◆ **DESCRIPTION OF THE TASK**
Output the listing below verbatim, without images.

AVAILABLE DATA section start

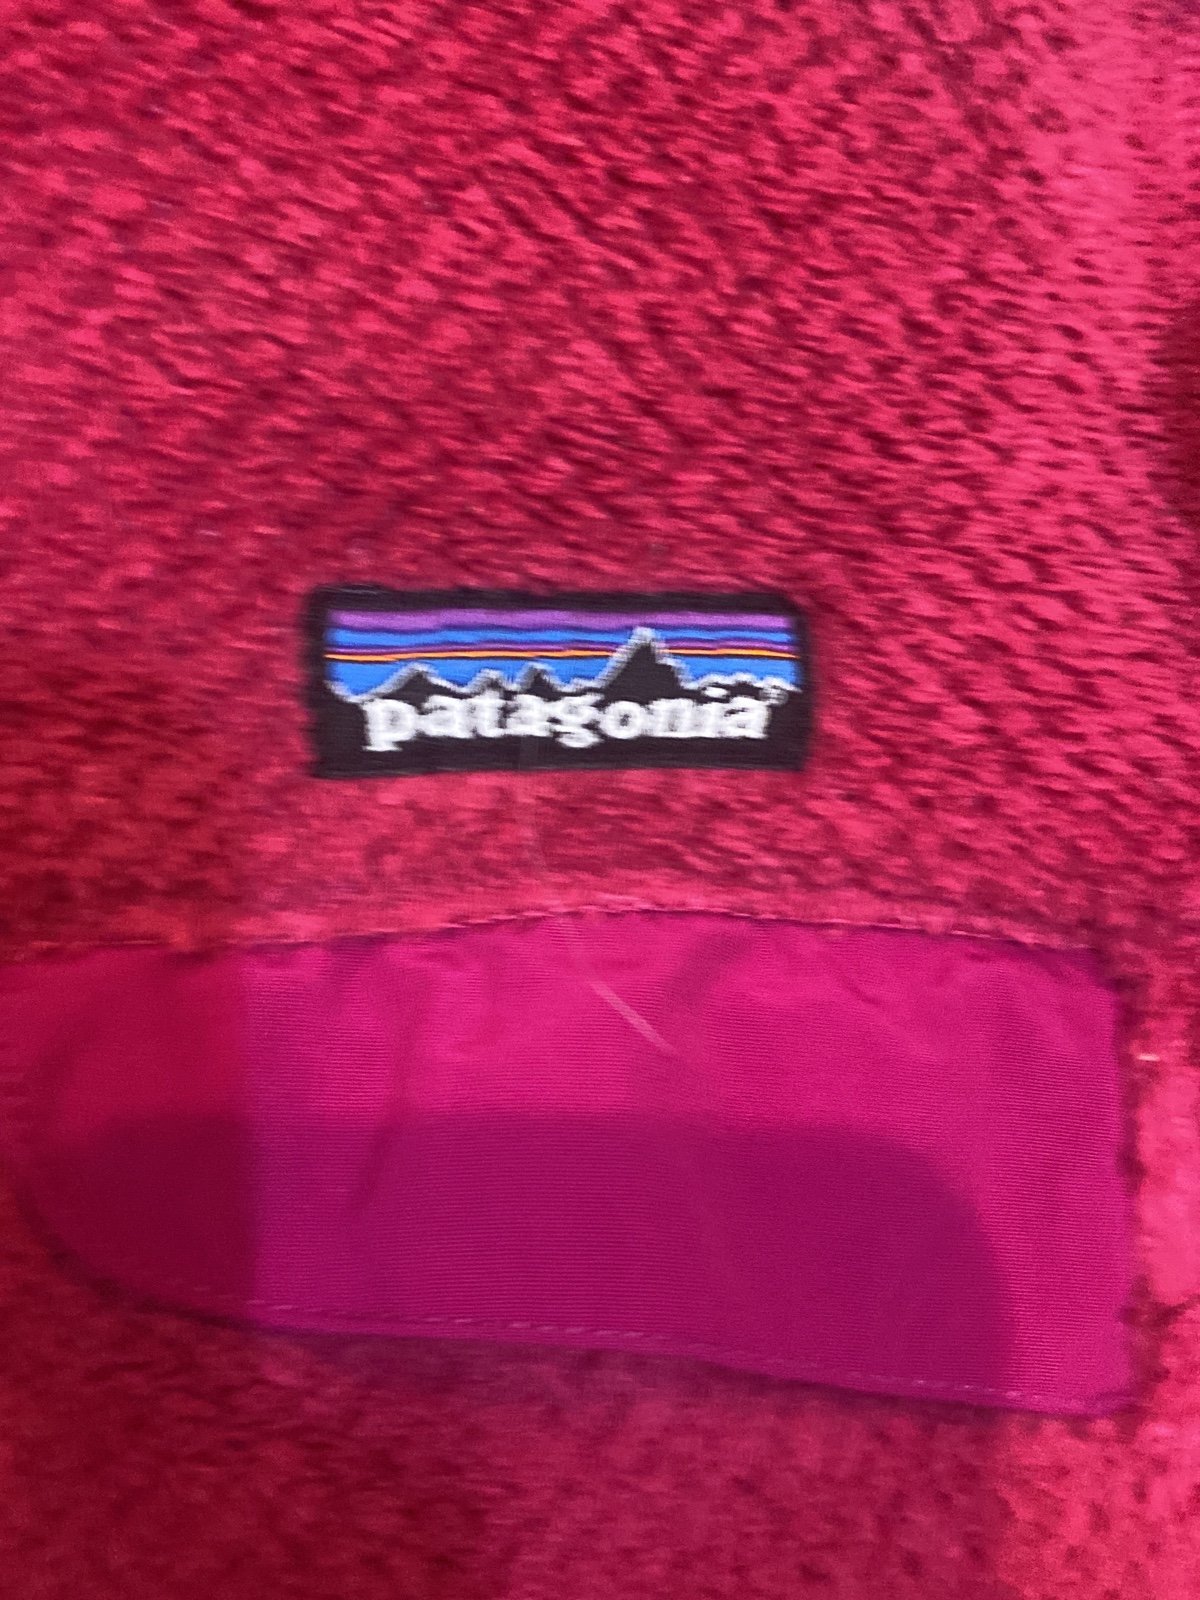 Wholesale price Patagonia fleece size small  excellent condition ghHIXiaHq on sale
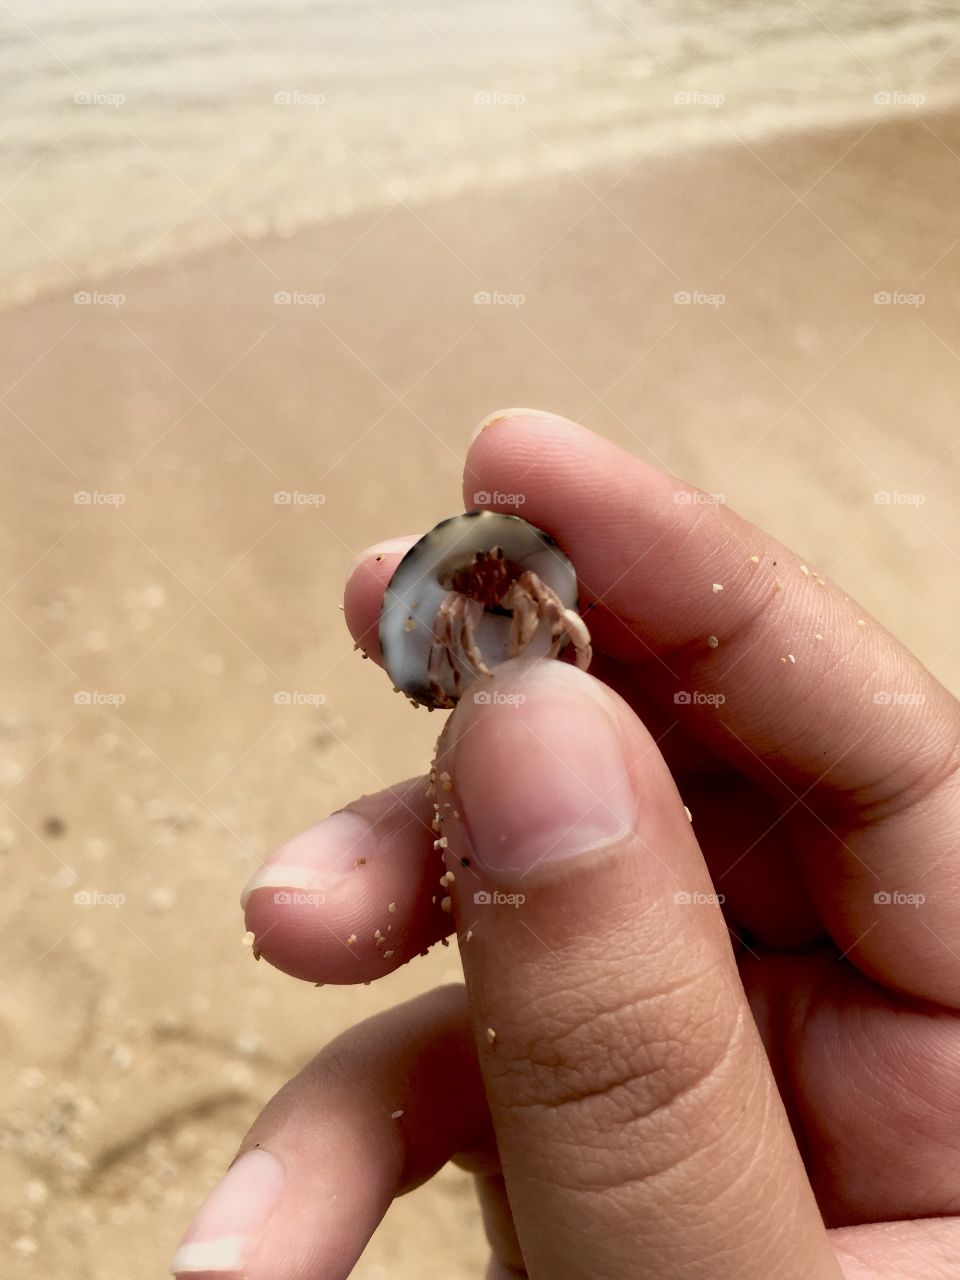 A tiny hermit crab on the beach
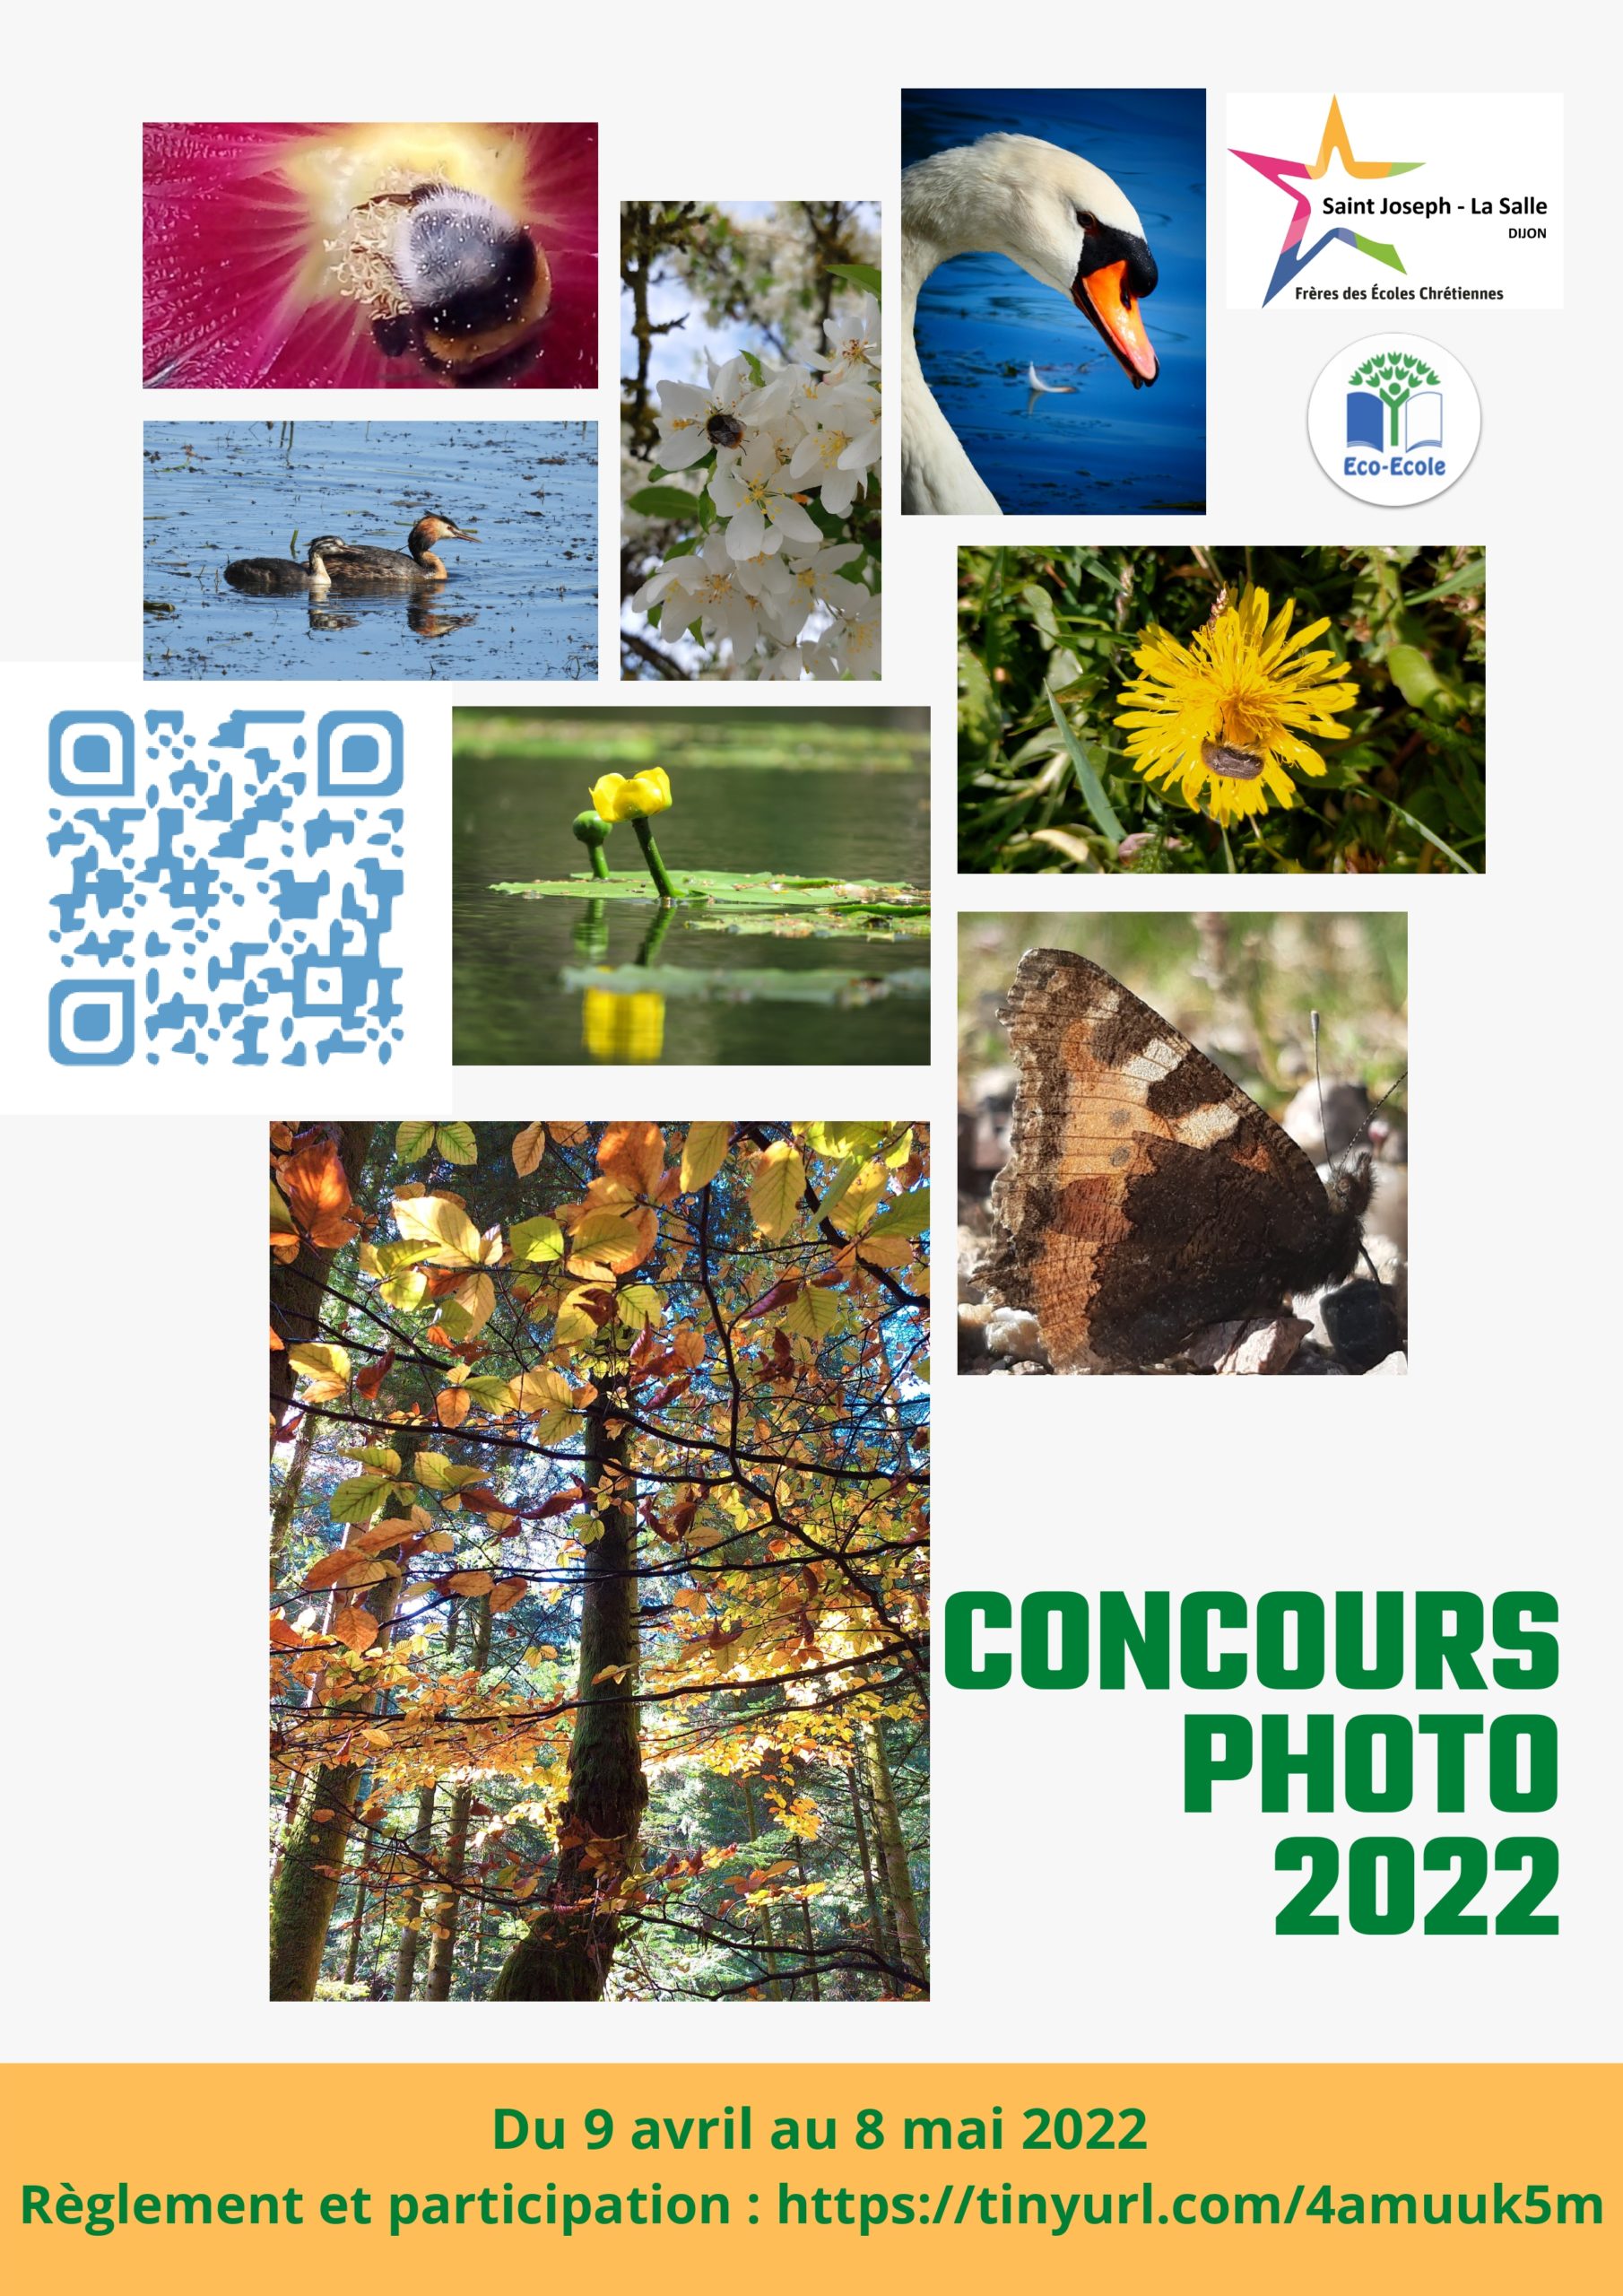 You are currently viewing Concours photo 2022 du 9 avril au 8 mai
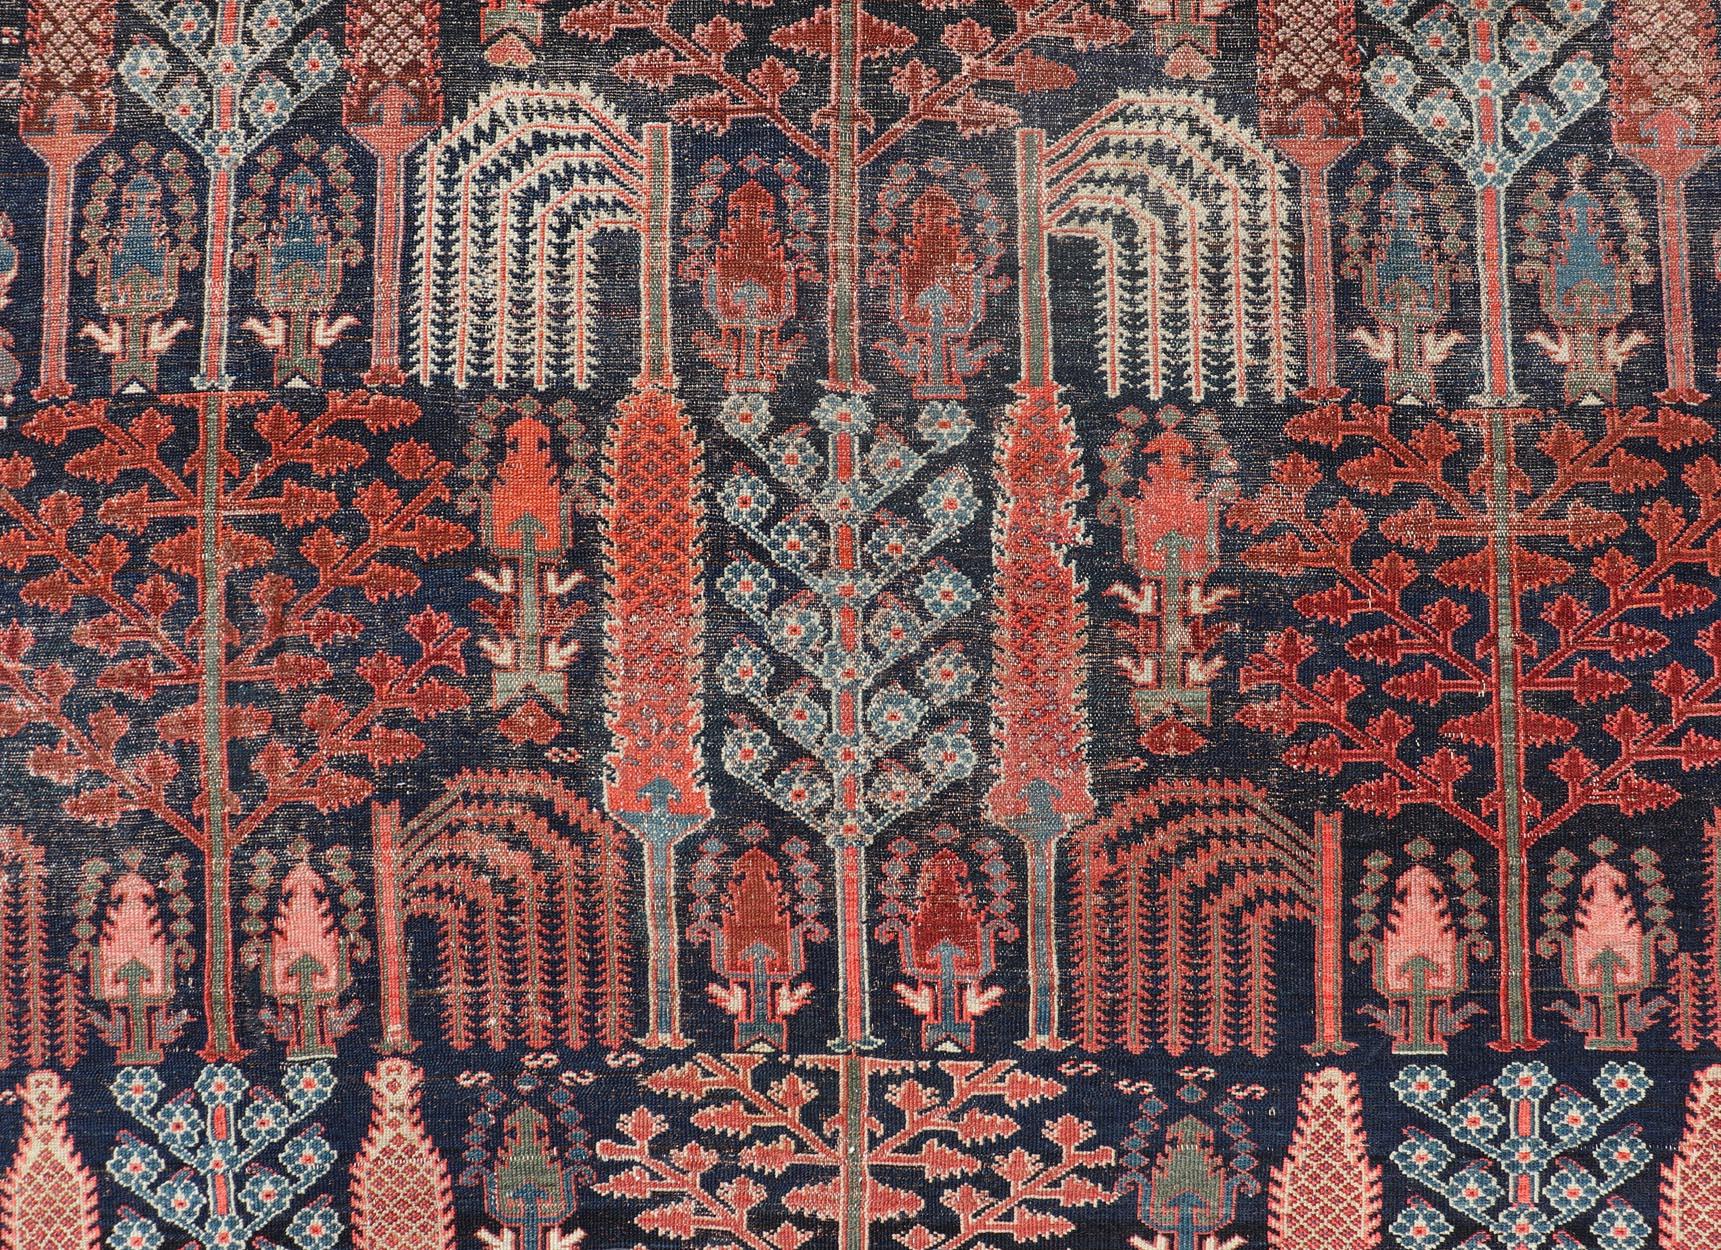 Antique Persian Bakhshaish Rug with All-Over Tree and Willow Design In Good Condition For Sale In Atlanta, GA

AVAILABLE DATA section end

◆ **ANSWER TO THE PROBLEM**
 Wholesale price Patagonia fleece size small  excellent condition ghHIXiaHq on sale
 A tiny hermit crab on the beach
 You are currently viewing Concours photo 2022 du 9 avril au 8 mai
 Antique Persian Bakhshaish Rug with All-Over Tree and Willow Design In Good Condition For Sale In Atlanta, GA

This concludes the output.